Where an image appears in the data, omit it and reproduce the rest exactly.

-------- Material provided

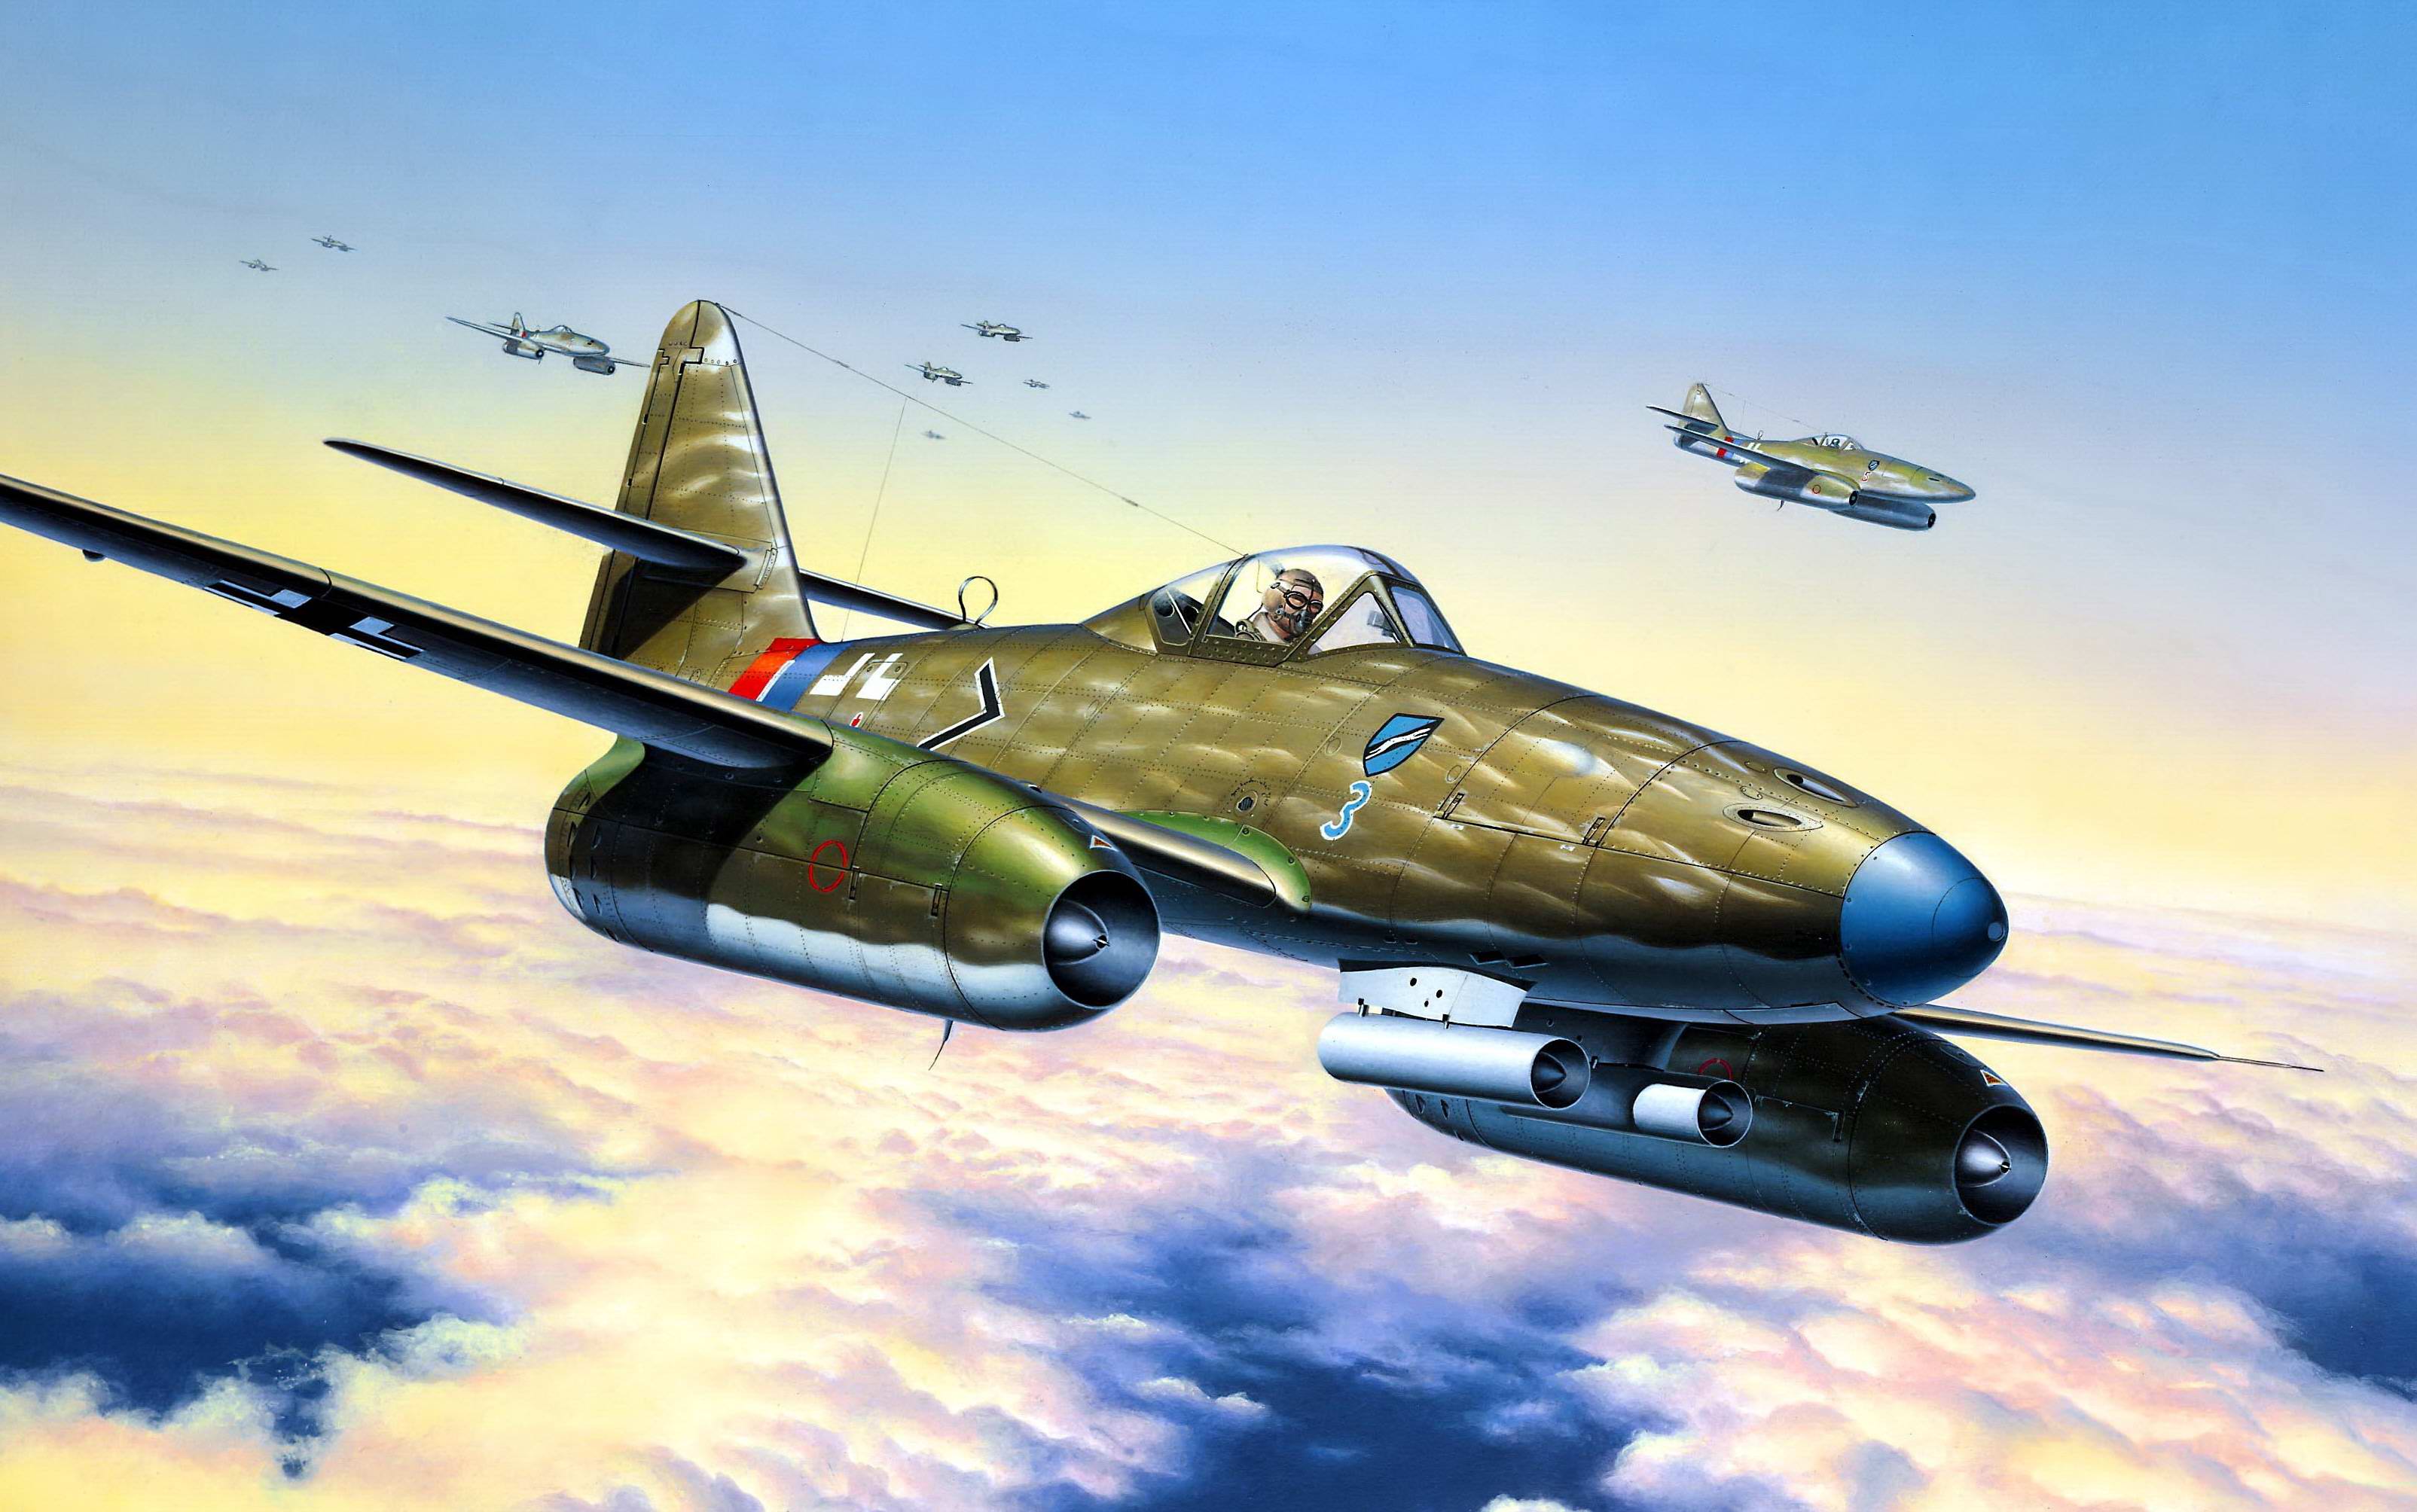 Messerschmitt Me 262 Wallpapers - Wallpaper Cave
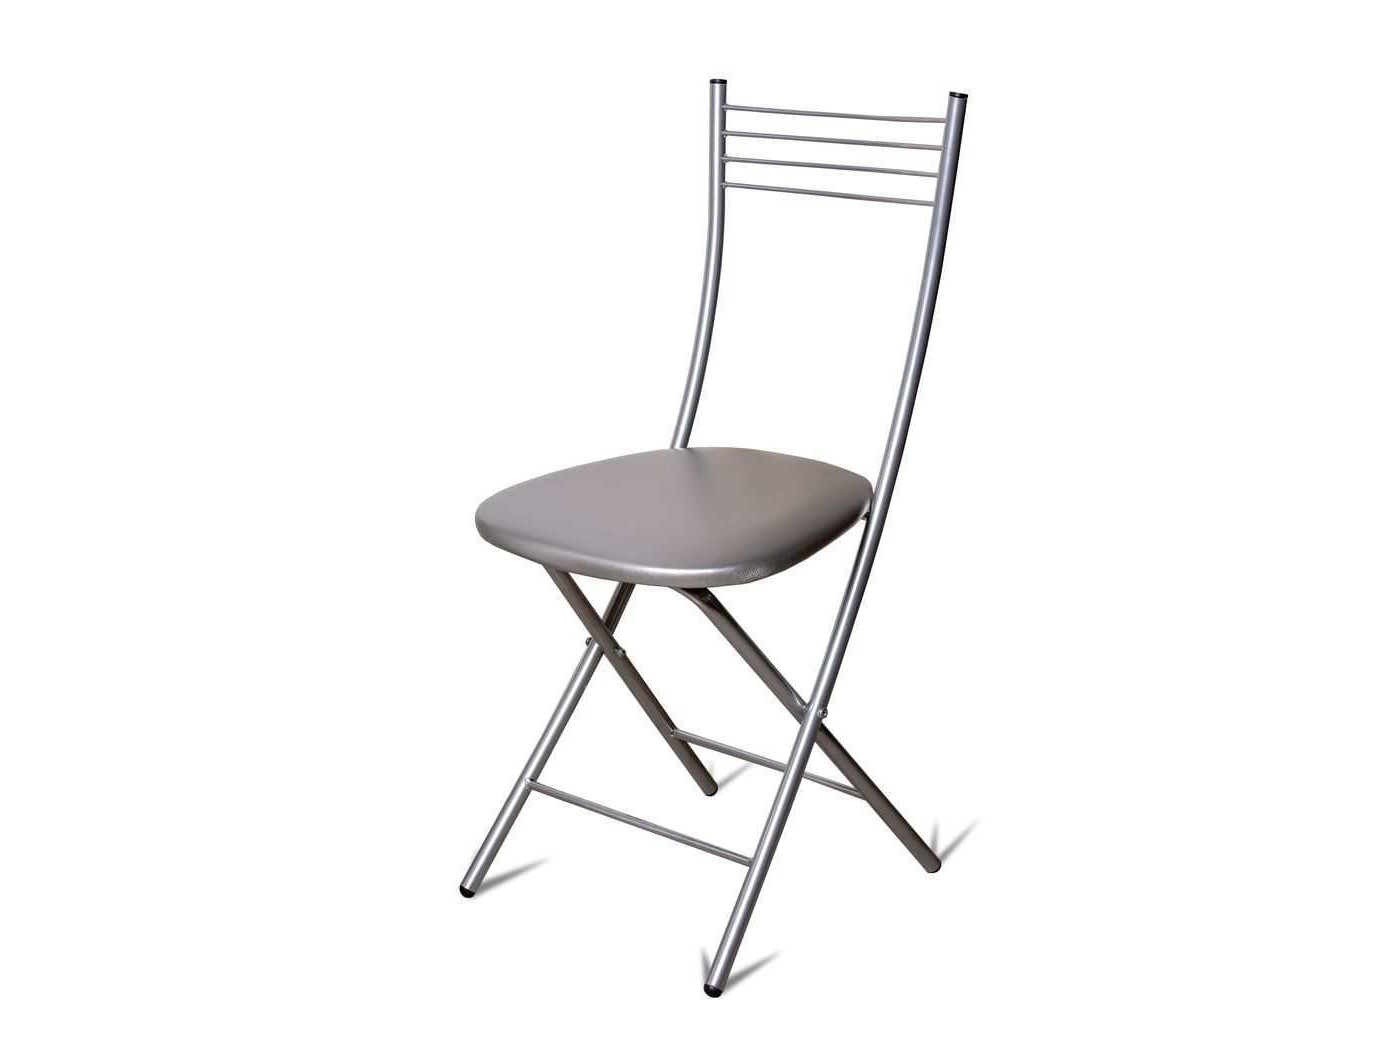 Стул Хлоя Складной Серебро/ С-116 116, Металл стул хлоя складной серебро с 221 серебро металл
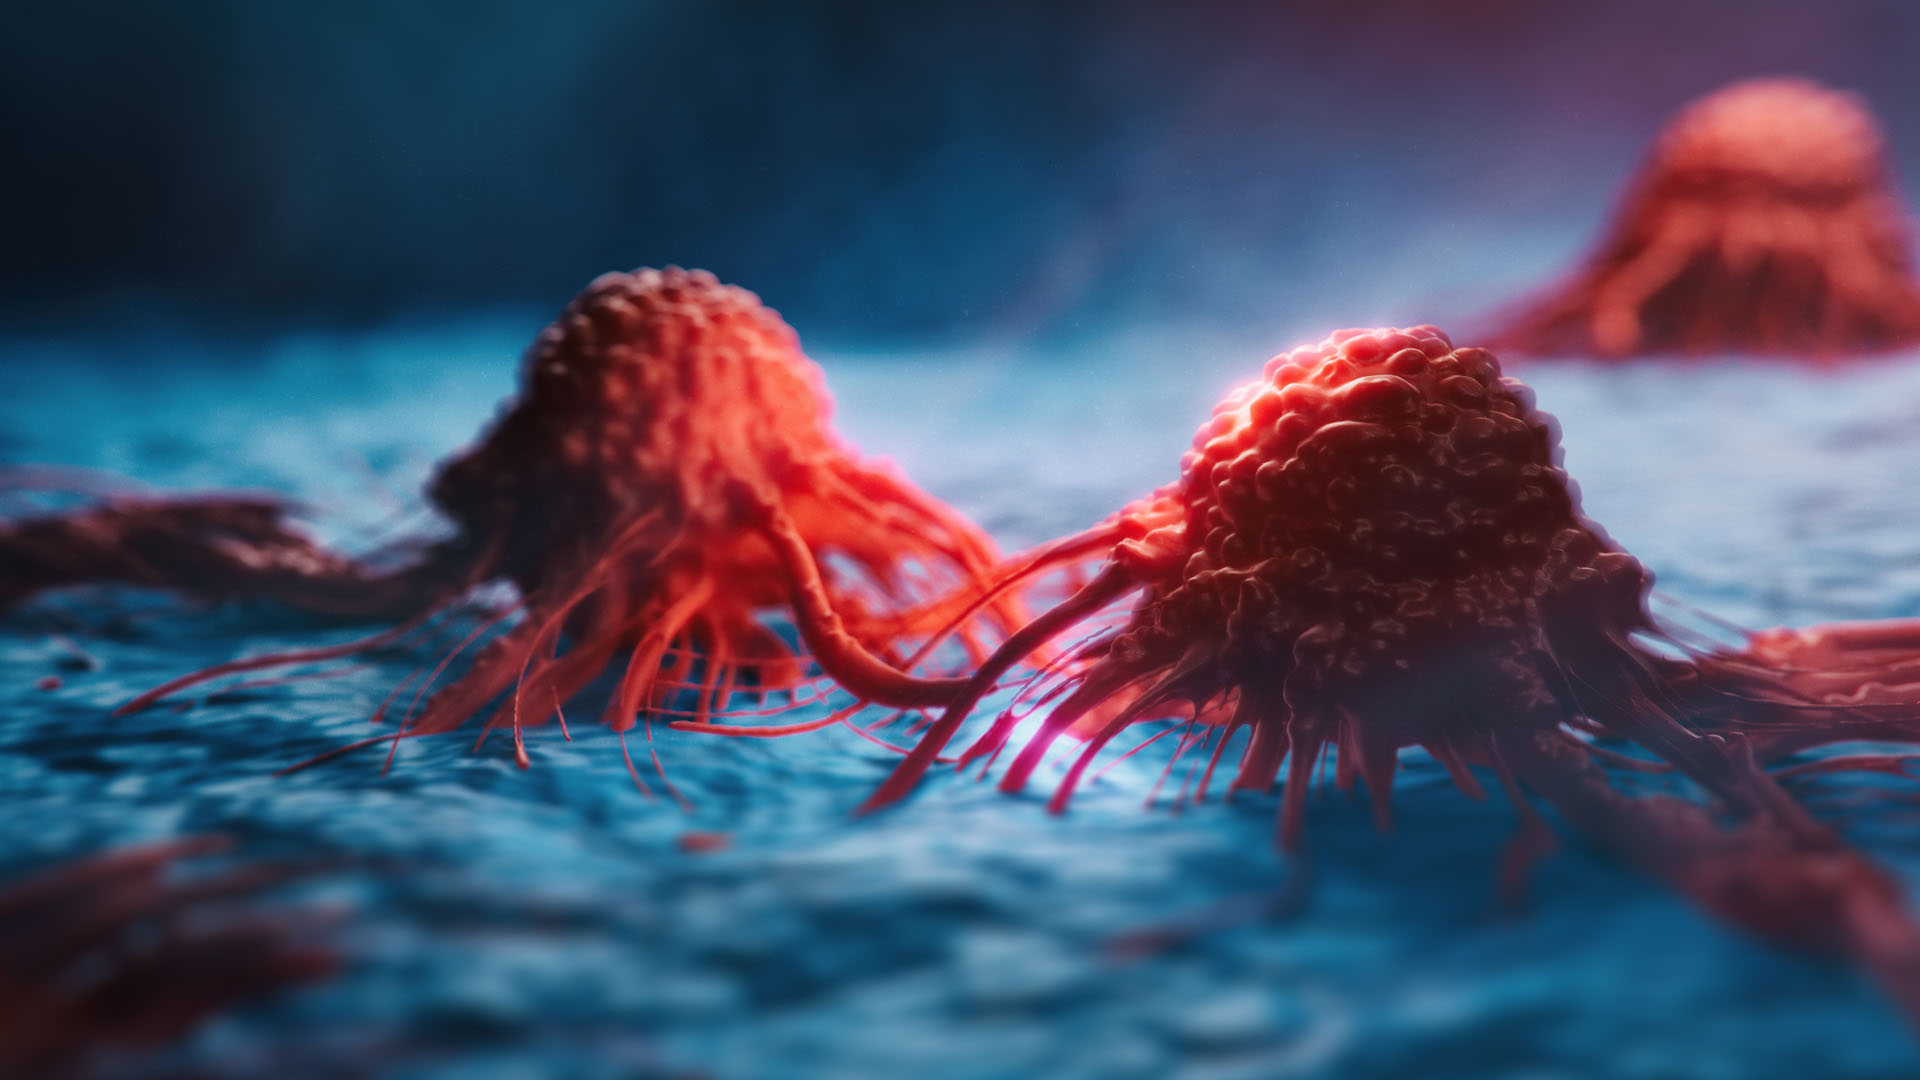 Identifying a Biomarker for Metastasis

----------------

Task result
 Messerschmitt Me 262 Wallpapers - Wallpaper Cave
 Стул Хлоя Складной Серебро/ С-116 116, Металл стул хлоя складной серебро с 221 серебро металл
 Identifying a Biomarker for Metastasis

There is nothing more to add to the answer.